That is not true. The ***directed indicates intent ***of target. That may or may not be the destruction of civilians.
All cases of when the civilians are the target, when the attack is directed at them are immoral.
However, when the target is military, and the principal has made efforts to reduce or eliminate civilian casualties (such as warning of an impeding attack on a nearby military target) then there in no moral fault.
Actually, the CCC prefaces that with the word ‘indiscriminate’, which, in the authoritative Latin, means having a lack of discernment. So that is also a moral qualifier.
In other words, you have to really, REALLY, examine all your options before you can commit to using such weapons.

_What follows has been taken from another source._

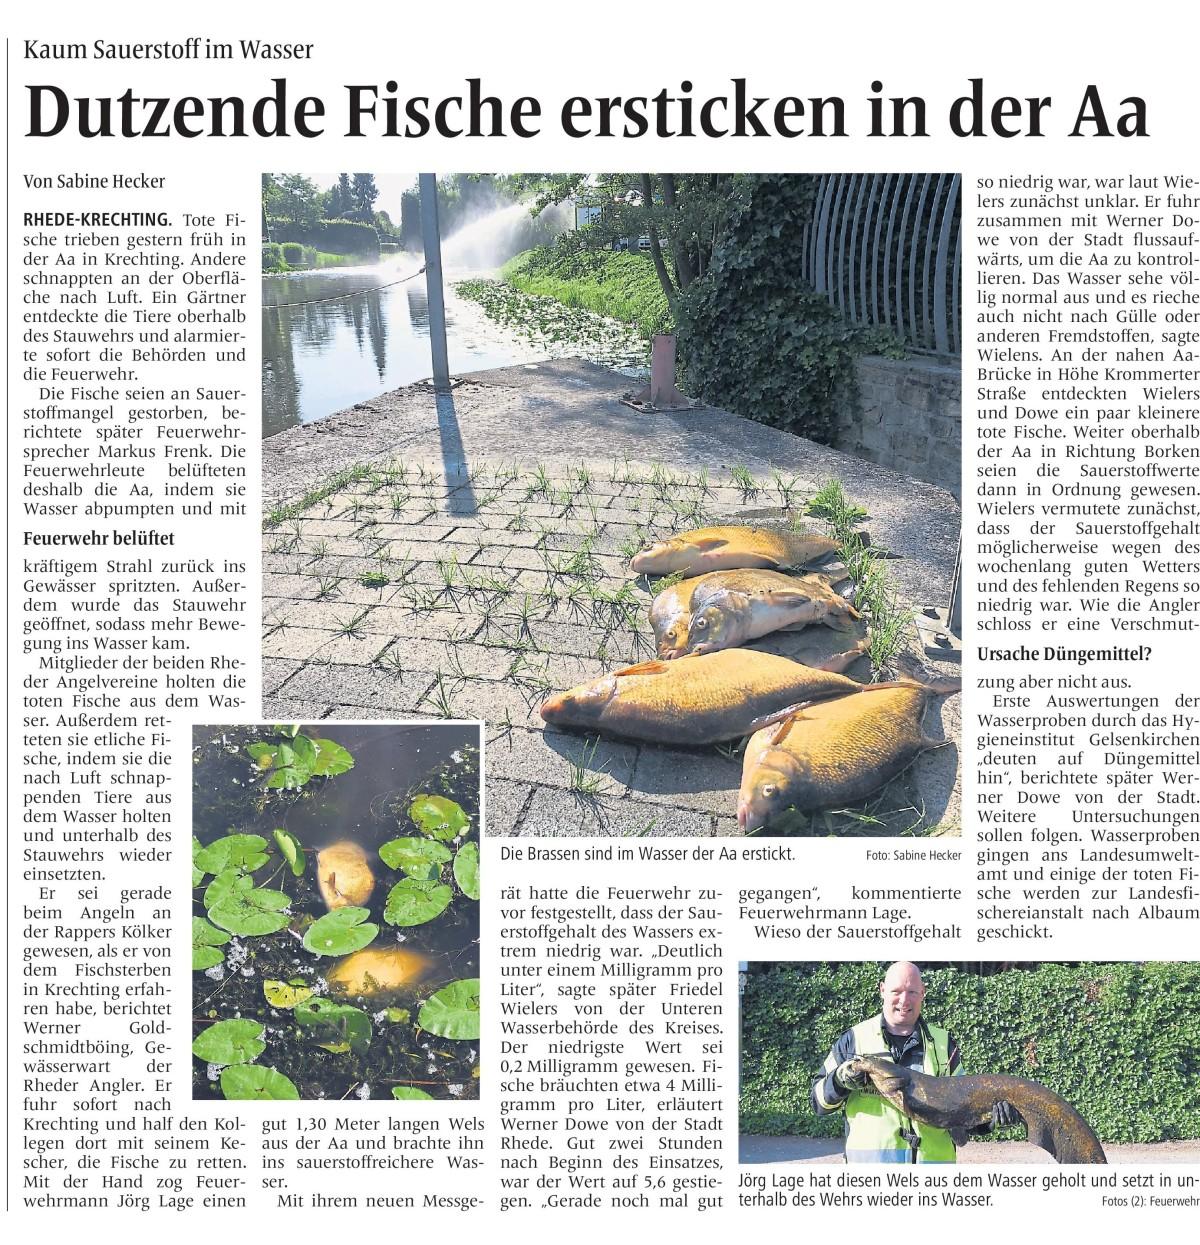 BBV 15 06 2018_Fischsterben Aa Rhede.jpg

But it doesn’t exclude their use.
Indiscriminate
does not describe “intent”. It is an adjective not a qualifier. “Directed to” is a preposition and is also not a qualifier and does not describe intent.
**indiscriminate **
in·dis·crim·i·nate
Function: adjective
1 a: not marked by careful distinction : deficient in discrimination and discernment b: haphazard, random
Adjectives typically answer the following questions: What kind? Which one? How many?
A qualifier is a word or phrase that changes how absolute, certain or generalized a statement is.Qualifiers include:
Qualifiers of quantity: some, most, all, none, etc.

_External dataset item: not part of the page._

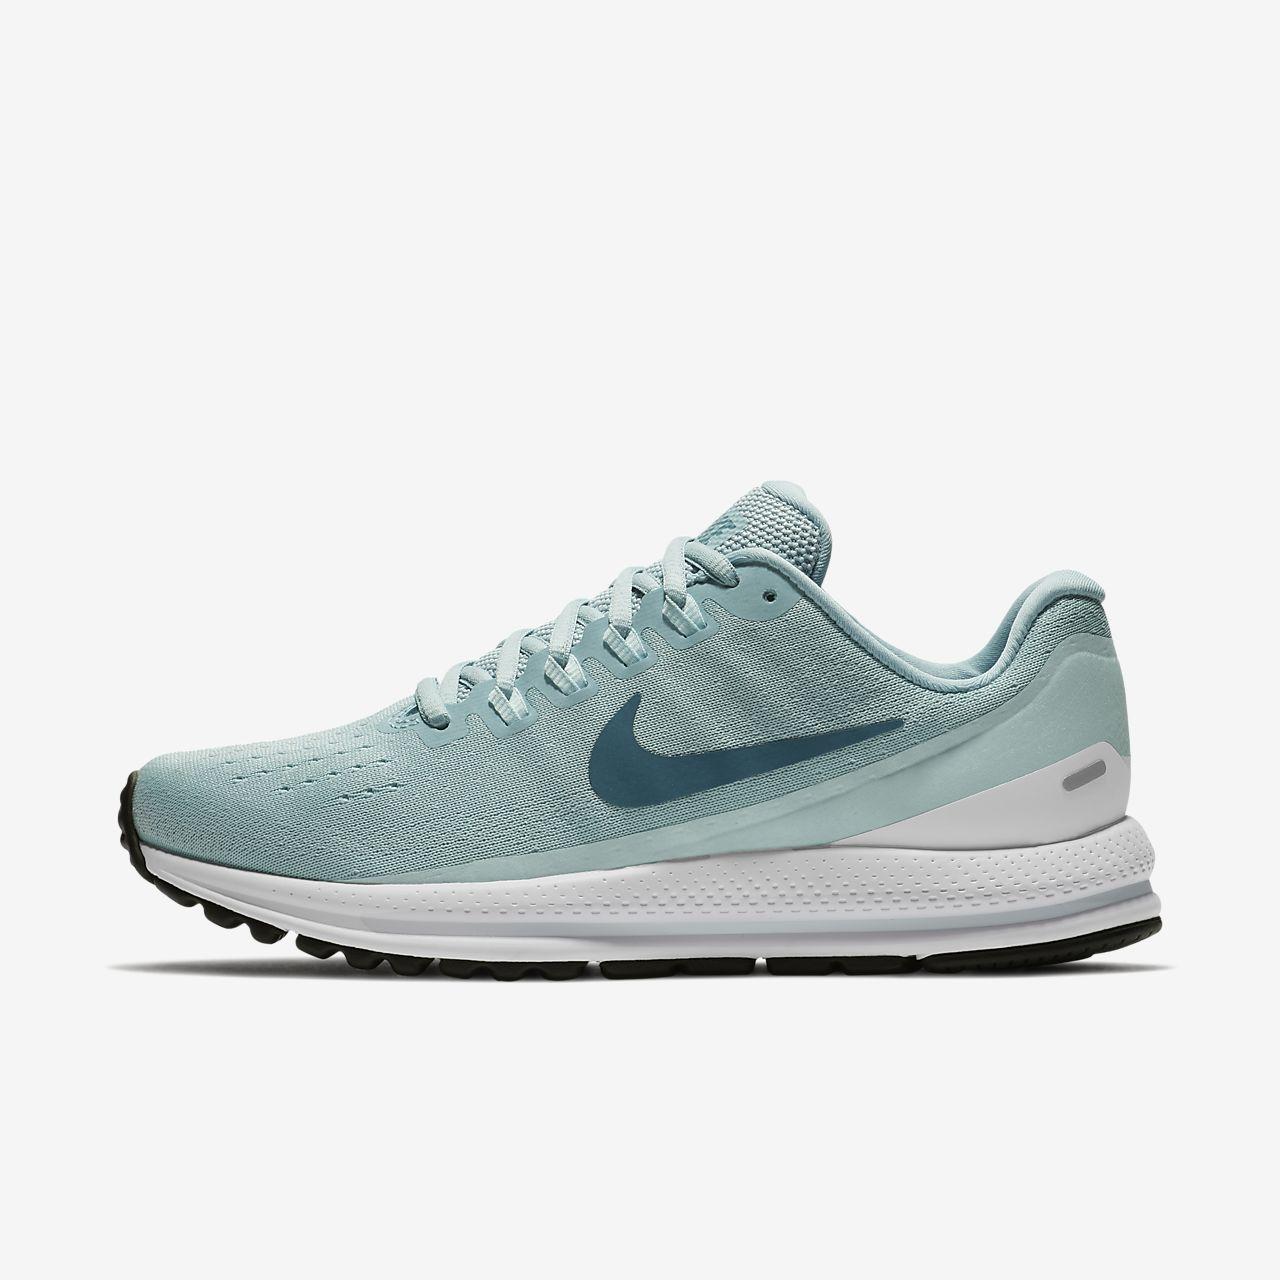 ... Nike Air Zoom Vomero 13 Damen-Laufschuh

Qualifiers of time: occasionally, sometimes, now and again, usually, always, never, etc.
Qualifiers of certainty: I guess, I think, I know, I am absolutely certain, etc.
Qualifiers of relative quality: best, worst, finest, sharpest, heaviest, etc.
“Directed to” is a preposition (prepositions are words such as “to”)
Here’s how I break down the sentence:
Every act of war (noun or subject) / directed to (preposition ) / the indiscriminate (adj) destruction of whole cities or vast areas with their inhabitants (prepositional phrase) / is (verb) a crime against God …
The use of the word indiscriminate in this sentence is an adjective describing “destruction of whole cities or vast areas with their inhabitants” and is part of a prepositional phrase. Adjectives always appear immediately before the noun or noun phrase that they modify. It is answering what kind of “destruction of whole cities or vast areas”.
International law describes types of “indiscriminate weapons”:
Customary international law also prohibits the use of indiscriminate weapons. An indiscriminate weapon is one that cannot be directed at a legitimate military objective. The V-2 rockets used by Germany in World War II were indiscriminate weapons,
in that they could not be directed at any target smaller than an entire city. After the 1991 Gulf War, the U.S. Department of Defense reported to Congress that the SCUD missiles used by Iraq (which were not very much more accurate than the V-2) were indiscriminate, and that their use constituted a war crime.
crimesofwar.org/thebook/weapons.html
The very nature of Nuclear, Chemical & Biological Warfare is indiscriminate “in that they could not be directed at any target smaller than an entire city”. Again, this is not referring at all to “prudential” judgment, but to the nature of the weapon.